** Exercise inputs **
*** Block opens ***

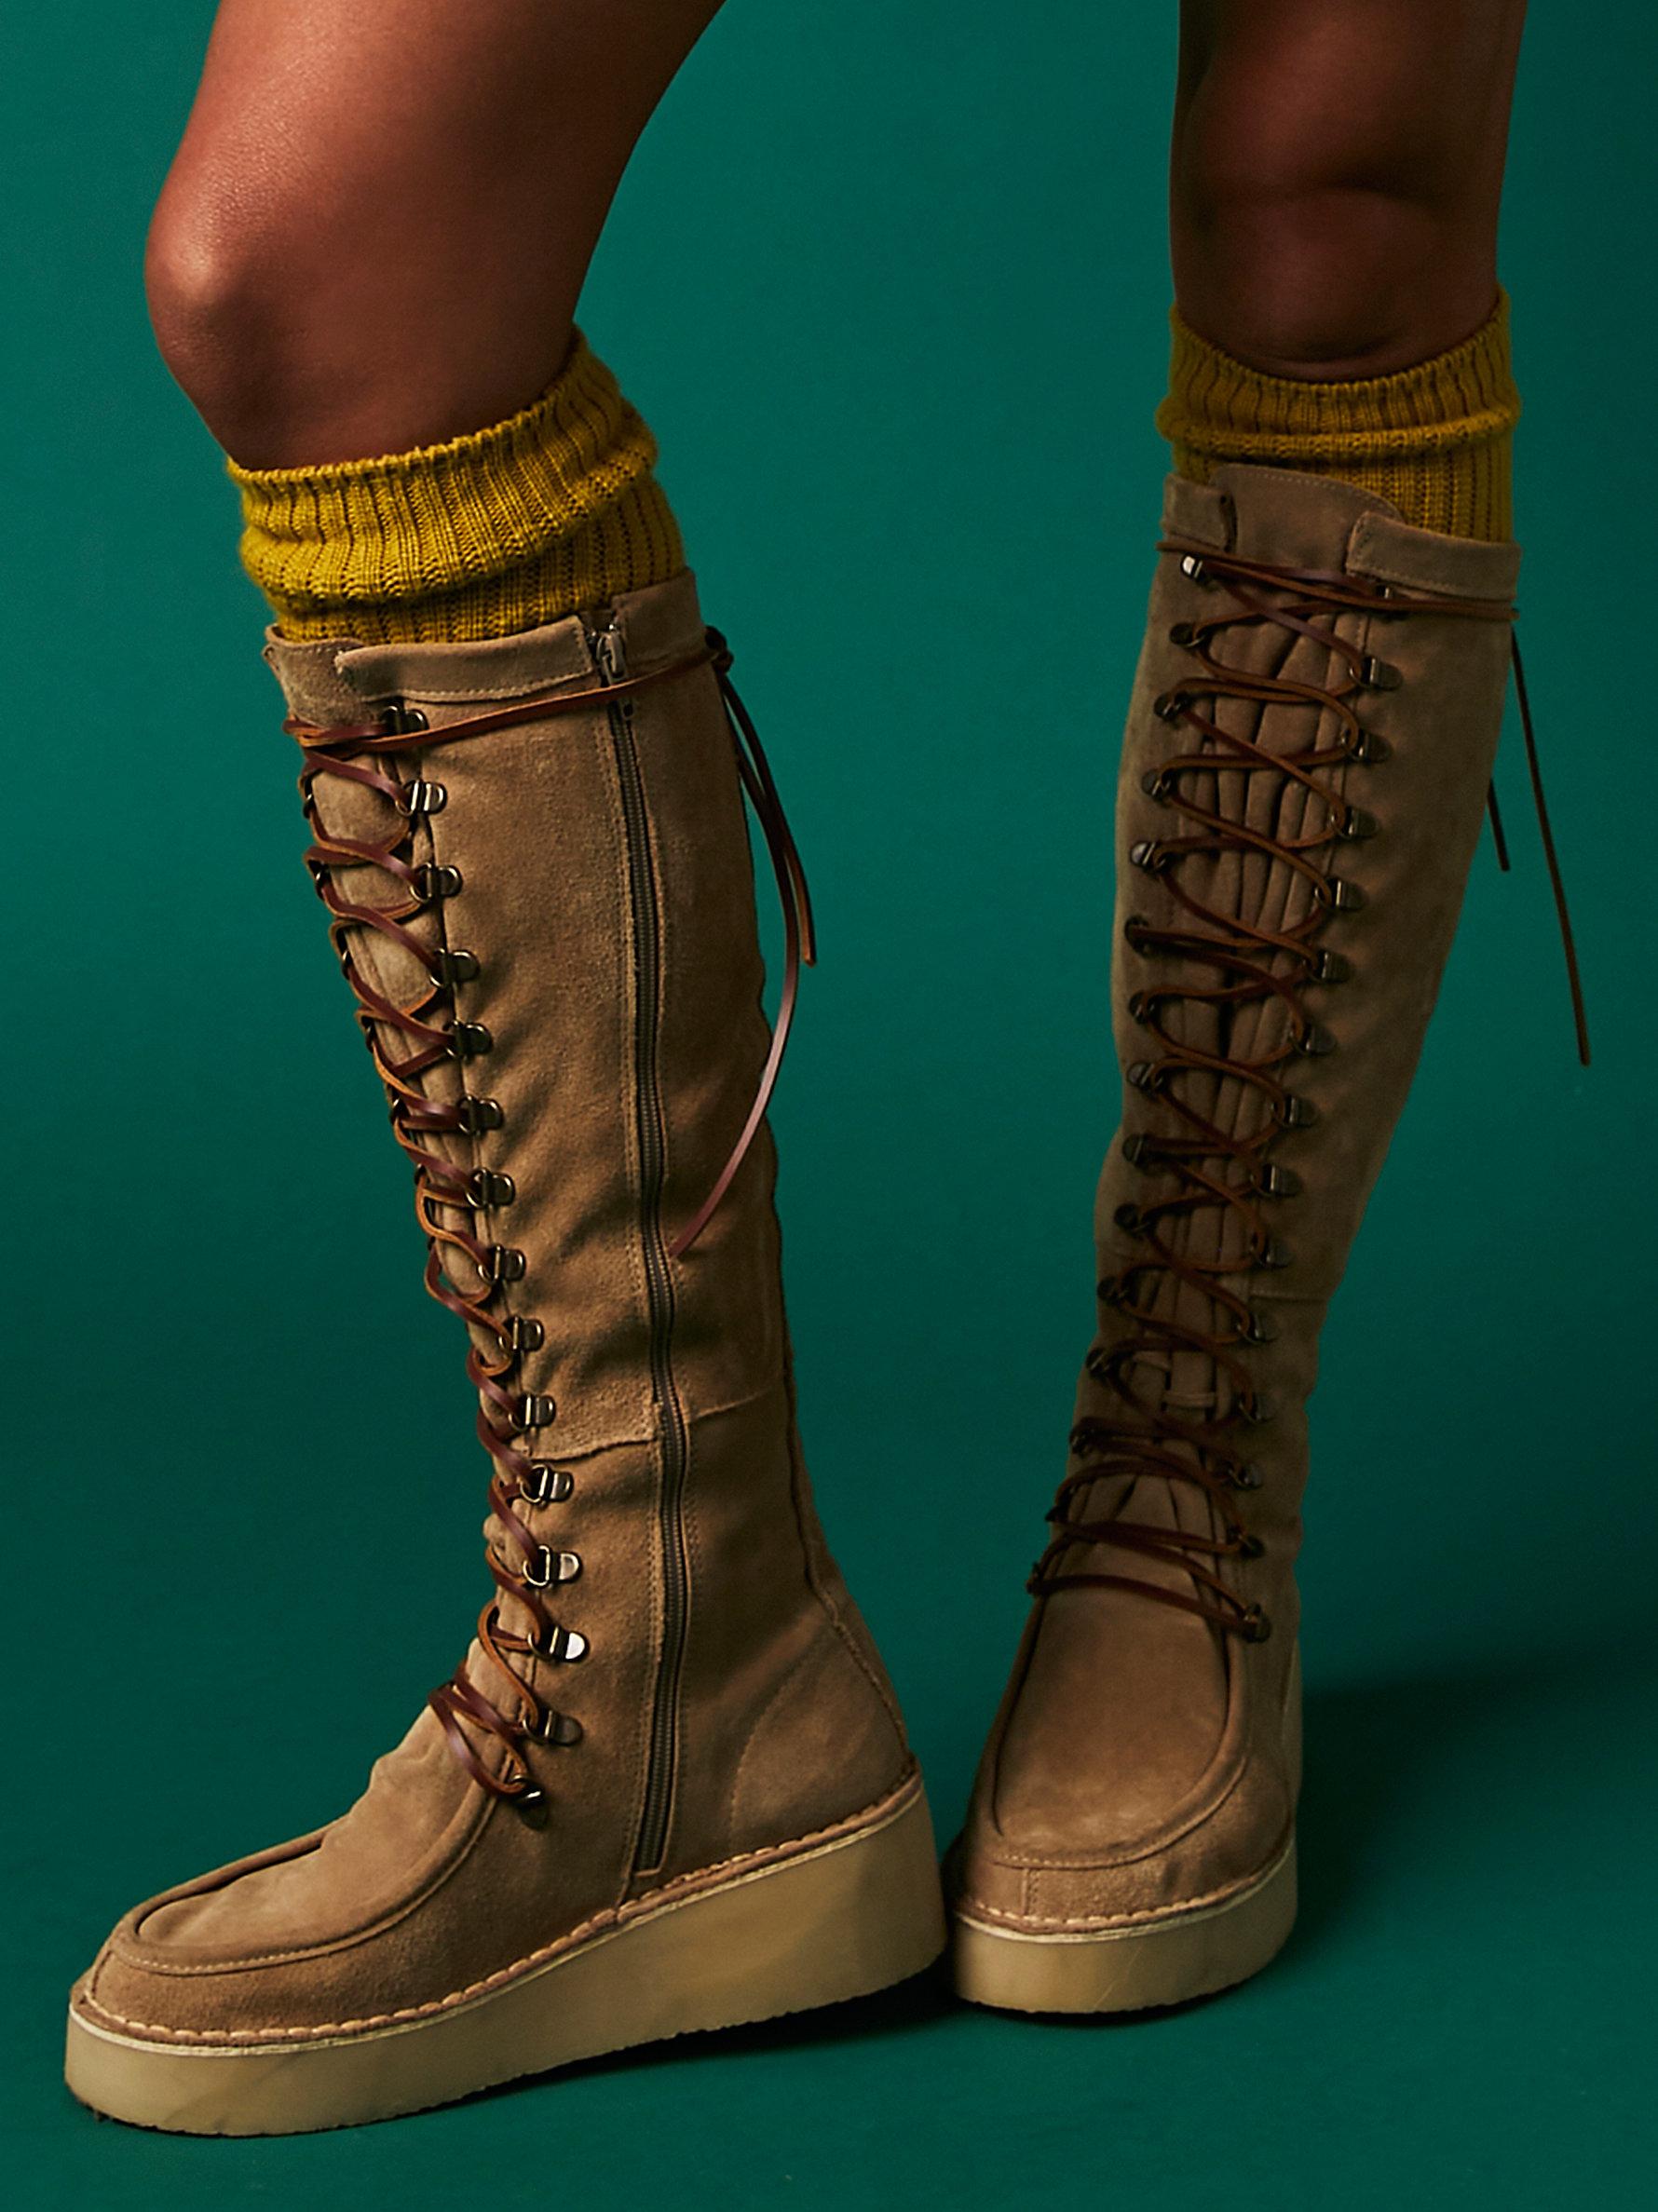 Free People Bottes Hautes À Lacets Ava in Green | Lyst
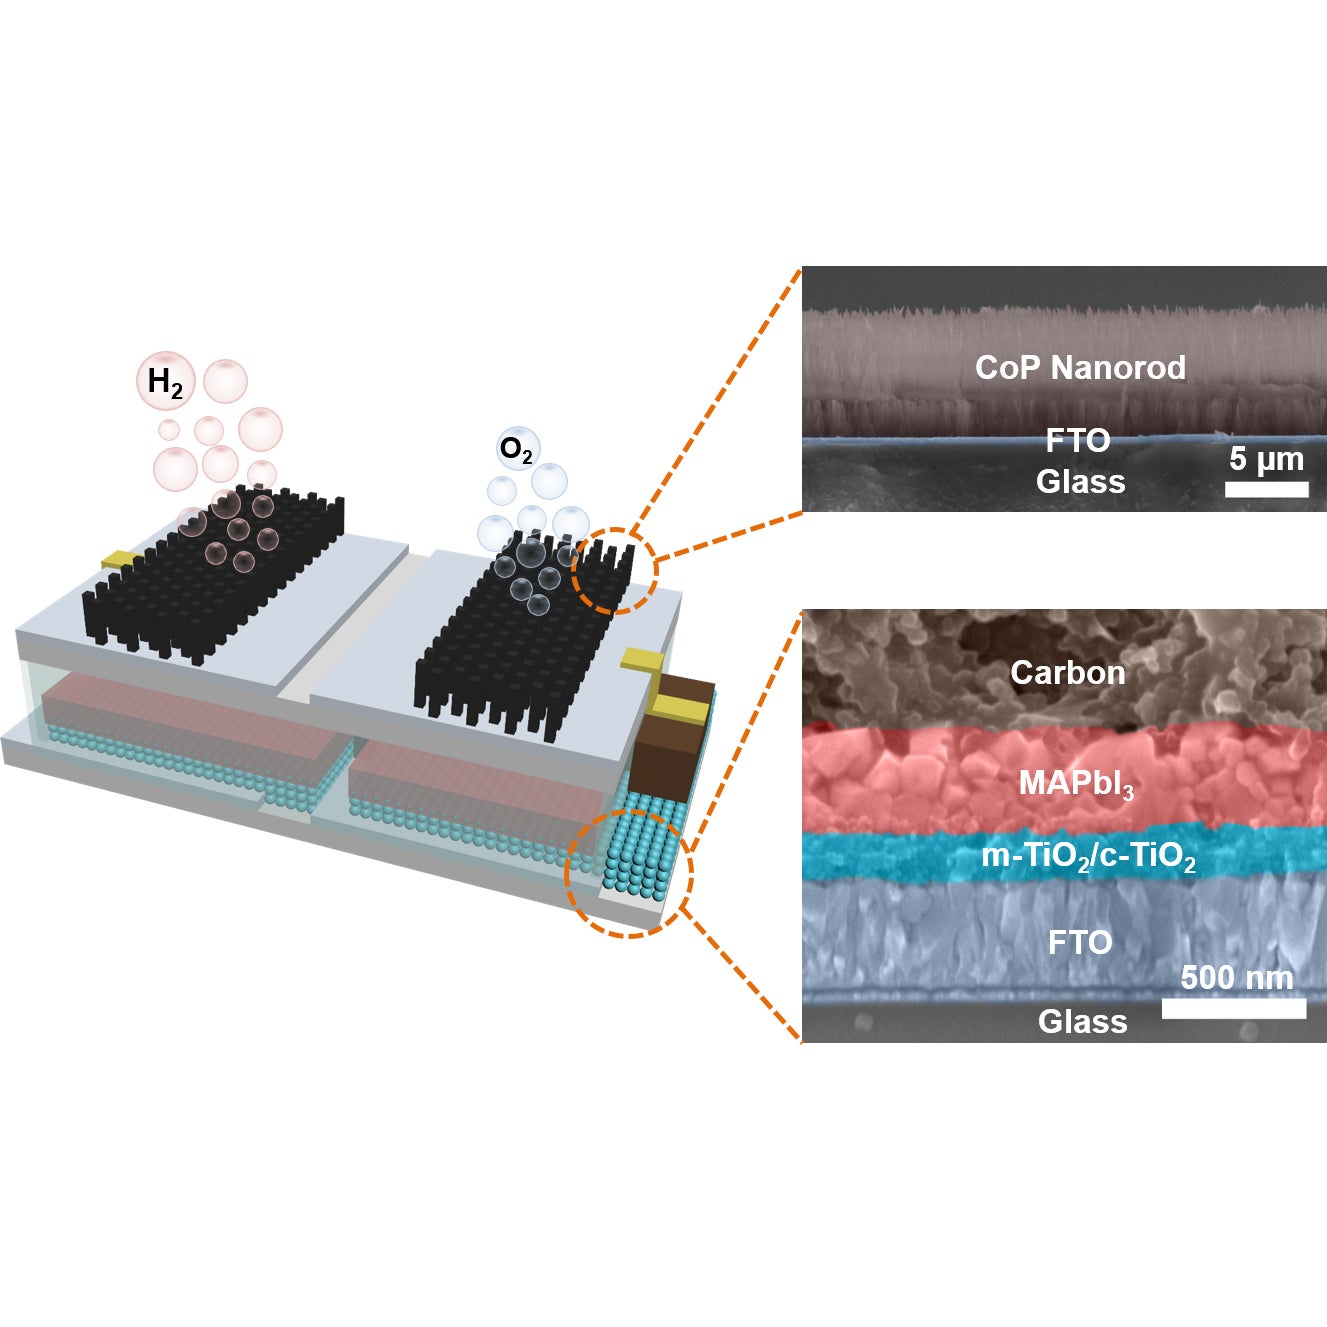 A real integrated device consisting of two series-connected perovskite solar cells (PSCs) and two CoP catalyst electrodes was proposed, which can be immersed into the aqueous solution directly for solar-driven water splitting. Benefiting from the low-cost and facile encapsulation technique, this artificial leaf possesses a compact structure and well-connected circuits for the process of charge carriers generation, transfer, and storage, revealing a solar-to-hydrogen efficiency of as high as 6.7%.
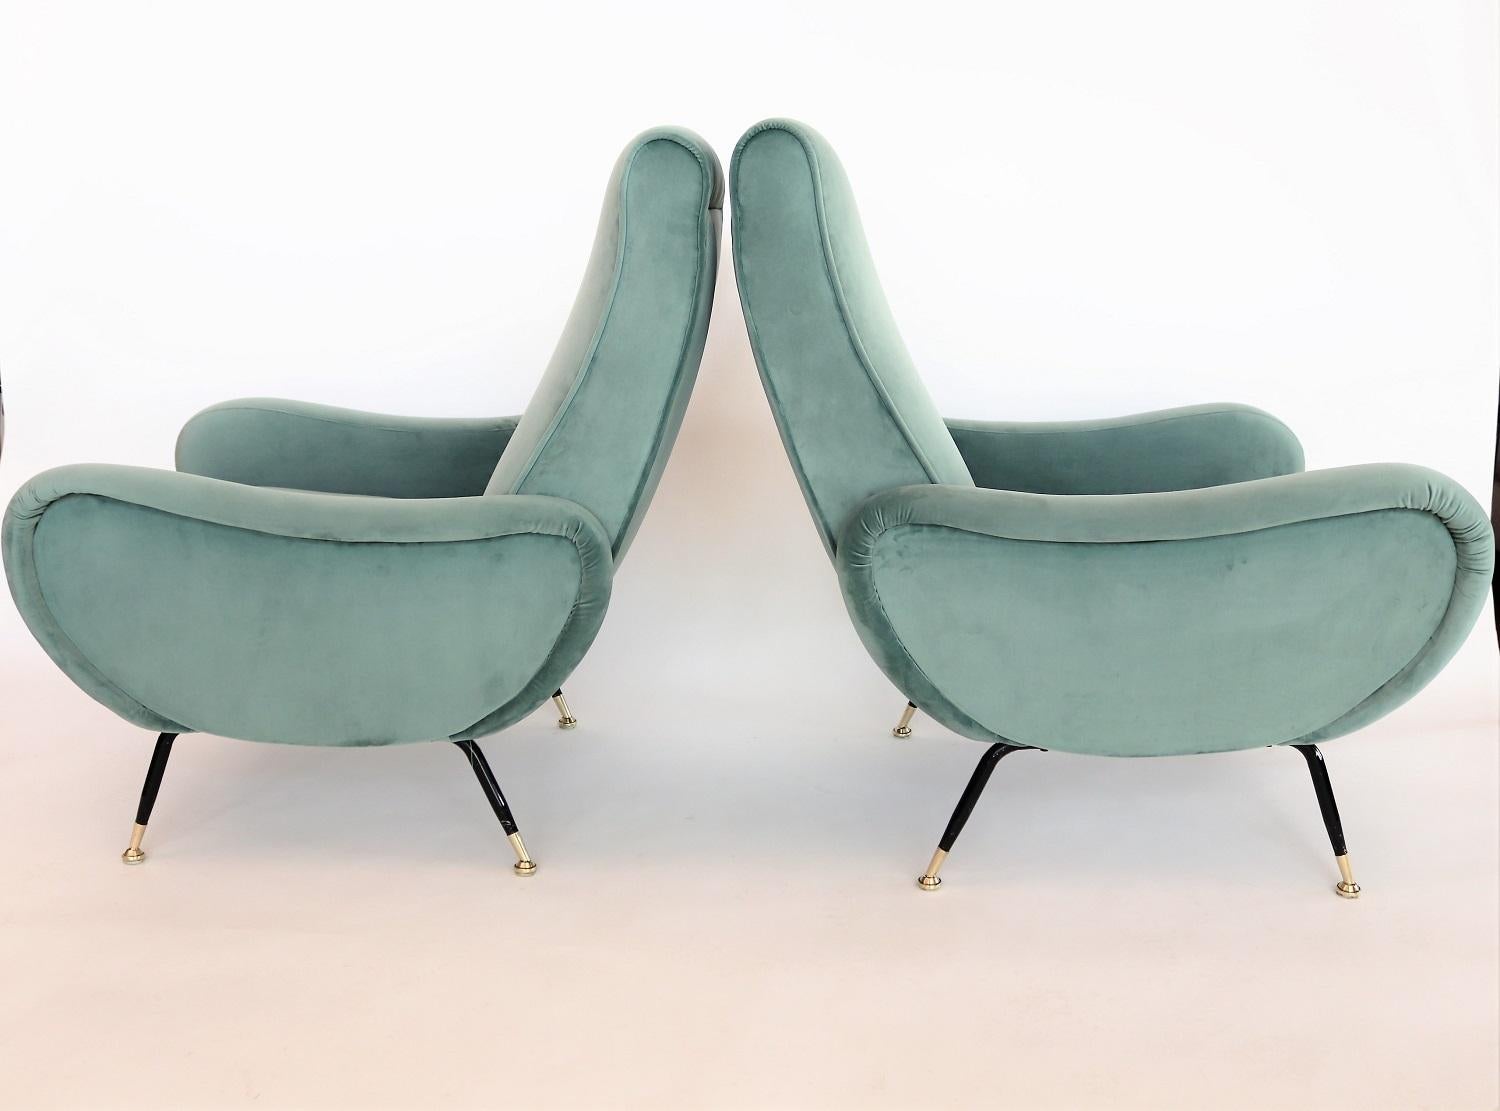 Elegant and beautiful pair of two Italian original midcentury armchairs or lounge chairs from the 1950s with black metal base and brass tips.
Completely restored internally with quality material and outside reupholstered with soft light mint green
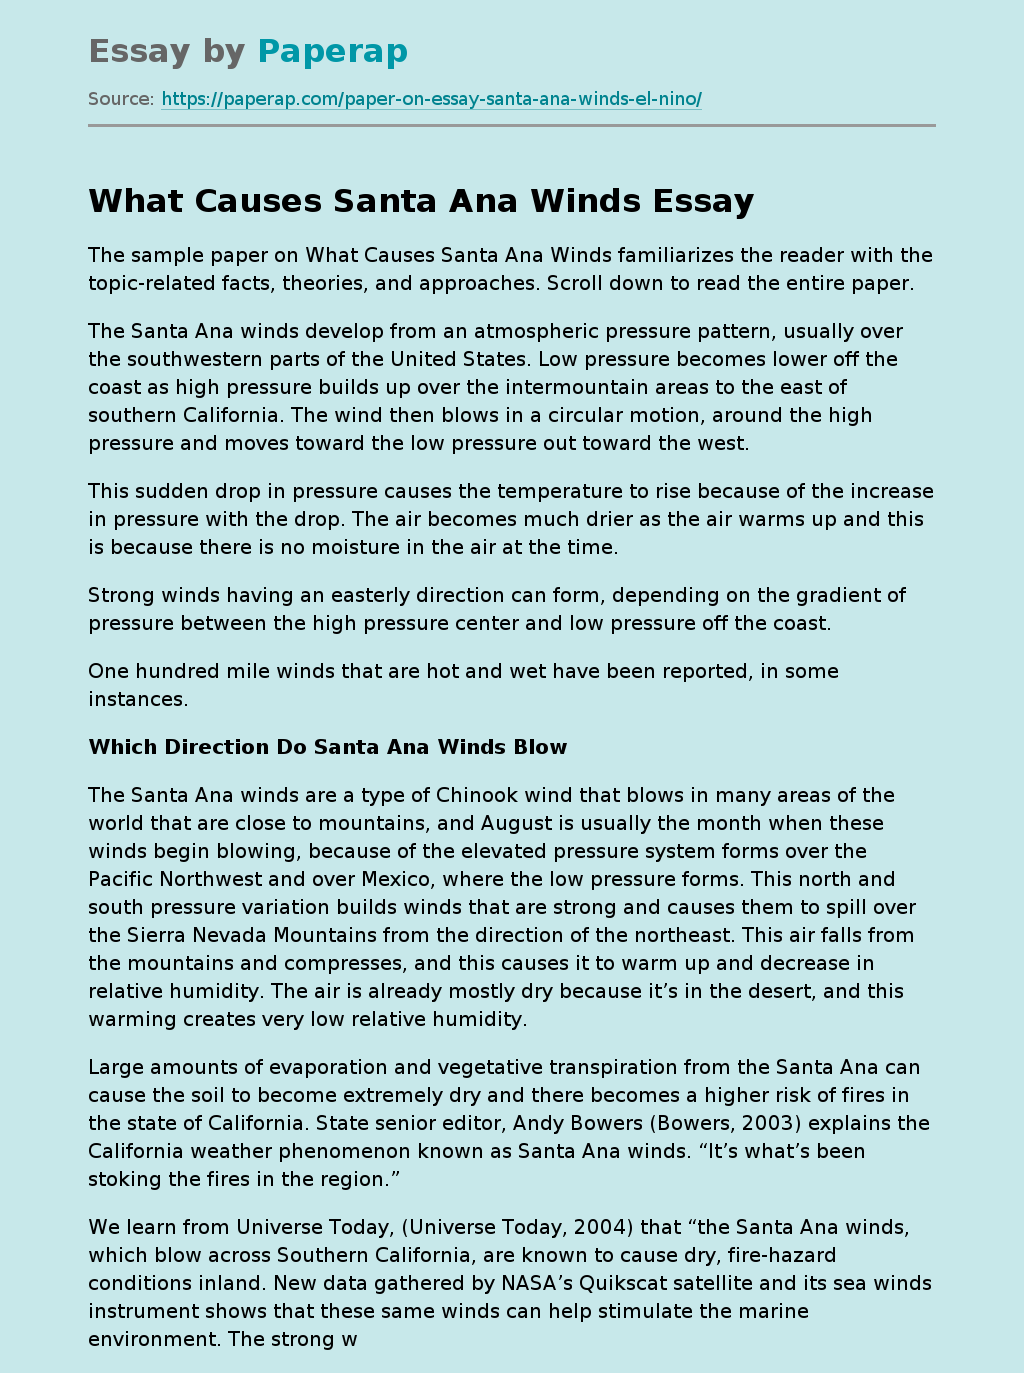 What Causes Santa Ana Winds

*** Block closes ***

** Work to complete **
Each line from the one that contains "Elegant and beautiful" through the end of the records should be restated exactly; include both end lines and leave any pictures out.

** Written response **
 Elegant and beautiful pair of two Italian original midcentury armchairs or lounge chairs from the 1950s with black metal base and brass tips.
Completely restored internally with quality material and outside reupholstered with soft light mint green
 What Causes Santa Ana Winds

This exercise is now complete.